__What the exercise asks__. Where a line of the data below has the string "London", copy that line.

══════════════════════════════

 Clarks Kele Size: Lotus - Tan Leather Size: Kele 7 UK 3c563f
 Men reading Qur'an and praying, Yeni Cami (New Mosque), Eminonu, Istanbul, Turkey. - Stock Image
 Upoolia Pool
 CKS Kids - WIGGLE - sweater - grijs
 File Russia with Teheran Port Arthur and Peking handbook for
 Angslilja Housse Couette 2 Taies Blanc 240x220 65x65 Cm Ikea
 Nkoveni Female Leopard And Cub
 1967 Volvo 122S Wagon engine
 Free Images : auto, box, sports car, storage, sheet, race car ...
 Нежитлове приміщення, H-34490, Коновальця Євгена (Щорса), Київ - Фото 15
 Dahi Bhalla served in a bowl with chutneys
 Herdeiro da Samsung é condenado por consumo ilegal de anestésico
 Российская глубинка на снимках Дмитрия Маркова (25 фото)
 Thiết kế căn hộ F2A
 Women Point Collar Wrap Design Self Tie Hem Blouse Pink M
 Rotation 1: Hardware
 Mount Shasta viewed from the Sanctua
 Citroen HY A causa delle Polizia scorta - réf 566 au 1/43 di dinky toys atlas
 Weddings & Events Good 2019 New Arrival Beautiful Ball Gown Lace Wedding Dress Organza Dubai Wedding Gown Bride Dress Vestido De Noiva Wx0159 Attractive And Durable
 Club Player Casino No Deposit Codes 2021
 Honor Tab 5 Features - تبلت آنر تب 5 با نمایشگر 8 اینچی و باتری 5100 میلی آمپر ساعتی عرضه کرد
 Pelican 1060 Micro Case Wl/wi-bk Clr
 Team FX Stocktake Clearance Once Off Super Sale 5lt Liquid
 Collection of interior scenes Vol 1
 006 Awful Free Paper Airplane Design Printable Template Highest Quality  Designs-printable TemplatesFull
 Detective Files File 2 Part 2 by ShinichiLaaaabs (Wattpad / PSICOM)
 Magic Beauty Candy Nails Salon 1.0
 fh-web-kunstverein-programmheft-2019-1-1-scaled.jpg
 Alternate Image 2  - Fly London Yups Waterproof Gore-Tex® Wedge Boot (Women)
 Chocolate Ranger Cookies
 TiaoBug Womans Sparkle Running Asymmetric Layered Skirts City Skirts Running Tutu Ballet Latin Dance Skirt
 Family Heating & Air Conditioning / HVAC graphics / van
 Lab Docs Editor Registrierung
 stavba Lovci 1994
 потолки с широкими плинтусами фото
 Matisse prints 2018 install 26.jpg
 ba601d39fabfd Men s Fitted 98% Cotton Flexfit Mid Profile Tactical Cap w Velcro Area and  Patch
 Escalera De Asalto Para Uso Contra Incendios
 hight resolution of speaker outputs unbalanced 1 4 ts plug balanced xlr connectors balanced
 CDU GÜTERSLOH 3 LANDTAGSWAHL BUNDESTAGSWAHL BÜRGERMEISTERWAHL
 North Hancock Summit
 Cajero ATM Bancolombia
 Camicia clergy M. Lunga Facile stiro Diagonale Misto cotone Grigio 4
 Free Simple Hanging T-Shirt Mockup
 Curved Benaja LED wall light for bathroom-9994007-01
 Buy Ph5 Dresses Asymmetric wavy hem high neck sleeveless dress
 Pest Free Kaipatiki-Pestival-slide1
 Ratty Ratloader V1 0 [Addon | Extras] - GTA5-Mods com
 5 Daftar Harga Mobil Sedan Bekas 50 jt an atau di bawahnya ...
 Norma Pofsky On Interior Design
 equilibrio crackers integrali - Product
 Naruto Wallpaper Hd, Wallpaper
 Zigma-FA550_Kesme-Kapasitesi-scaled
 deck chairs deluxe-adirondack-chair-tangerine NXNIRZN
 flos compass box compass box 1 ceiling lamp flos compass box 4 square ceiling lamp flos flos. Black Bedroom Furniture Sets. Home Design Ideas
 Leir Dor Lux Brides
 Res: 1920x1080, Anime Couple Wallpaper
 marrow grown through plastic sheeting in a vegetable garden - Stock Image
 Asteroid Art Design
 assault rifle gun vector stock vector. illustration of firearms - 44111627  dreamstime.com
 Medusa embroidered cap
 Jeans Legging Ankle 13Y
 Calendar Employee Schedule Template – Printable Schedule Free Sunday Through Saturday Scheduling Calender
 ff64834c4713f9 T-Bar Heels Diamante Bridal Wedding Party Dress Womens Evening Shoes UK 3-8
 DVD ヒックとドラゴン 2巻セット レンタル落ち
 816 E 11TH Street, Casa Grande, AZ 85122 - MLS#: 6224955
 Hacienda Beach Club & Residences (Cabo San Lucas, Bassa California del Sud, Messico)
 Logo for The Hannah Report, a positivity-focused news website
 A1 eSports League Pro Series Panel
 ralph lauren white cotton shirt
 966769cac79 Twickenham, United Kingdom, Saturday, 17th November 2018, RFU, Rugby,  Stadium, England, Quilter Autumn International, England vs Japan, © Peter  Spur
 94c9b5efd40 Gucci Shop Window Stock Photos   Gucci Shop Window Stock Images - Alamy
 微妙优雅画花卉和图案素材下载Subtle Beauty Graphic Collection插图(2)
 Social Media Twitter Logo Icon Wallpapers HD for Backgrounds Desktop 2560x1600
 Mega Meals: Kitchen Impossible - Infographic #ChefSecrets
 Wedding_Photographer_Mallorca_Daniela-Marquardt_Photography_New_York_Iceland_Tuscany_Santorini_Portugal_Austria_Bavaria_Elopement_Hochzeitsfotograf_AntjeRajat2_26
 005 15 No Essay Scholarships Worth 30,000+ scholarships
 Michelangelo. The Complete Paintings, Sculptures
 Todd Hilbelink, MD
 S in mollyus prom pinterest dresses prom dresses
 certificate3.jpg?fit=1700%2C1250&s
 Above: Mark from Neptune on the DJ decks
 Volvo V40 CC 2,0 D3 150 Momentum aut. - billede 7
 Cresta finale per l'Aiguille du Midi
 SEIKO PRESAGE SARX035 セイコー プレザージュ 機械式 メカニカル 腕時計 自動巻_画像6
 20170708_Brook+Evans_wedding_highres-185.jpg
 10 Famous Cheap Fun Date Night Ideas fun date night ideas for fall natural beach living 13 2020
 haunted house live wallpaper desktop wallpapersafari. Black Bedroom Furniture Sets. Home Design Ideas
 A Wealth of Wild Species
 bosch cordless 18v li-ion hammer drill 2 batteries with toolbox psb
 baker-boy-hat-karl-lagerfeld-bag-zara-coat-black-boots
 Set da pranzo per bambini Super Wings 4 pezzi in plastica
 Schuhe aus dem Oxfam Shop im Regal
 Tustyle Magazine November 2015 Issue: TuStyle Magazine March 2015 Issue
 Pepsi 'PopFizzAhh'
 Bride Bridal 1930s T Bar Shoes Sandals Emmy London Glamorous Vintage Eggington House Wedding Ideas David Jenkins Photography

══════════════════════════════

__Result for this exercise__.
 Alternate Image 2  - Fly London Yups Waterproof Gore-Tex® Wedge Boot (Women)
 Bride Bridal 1930s T Bar Shoes Sandals Emmy London Glamorous Vintage Eggington House Wedding Ideas David Jenkins Photography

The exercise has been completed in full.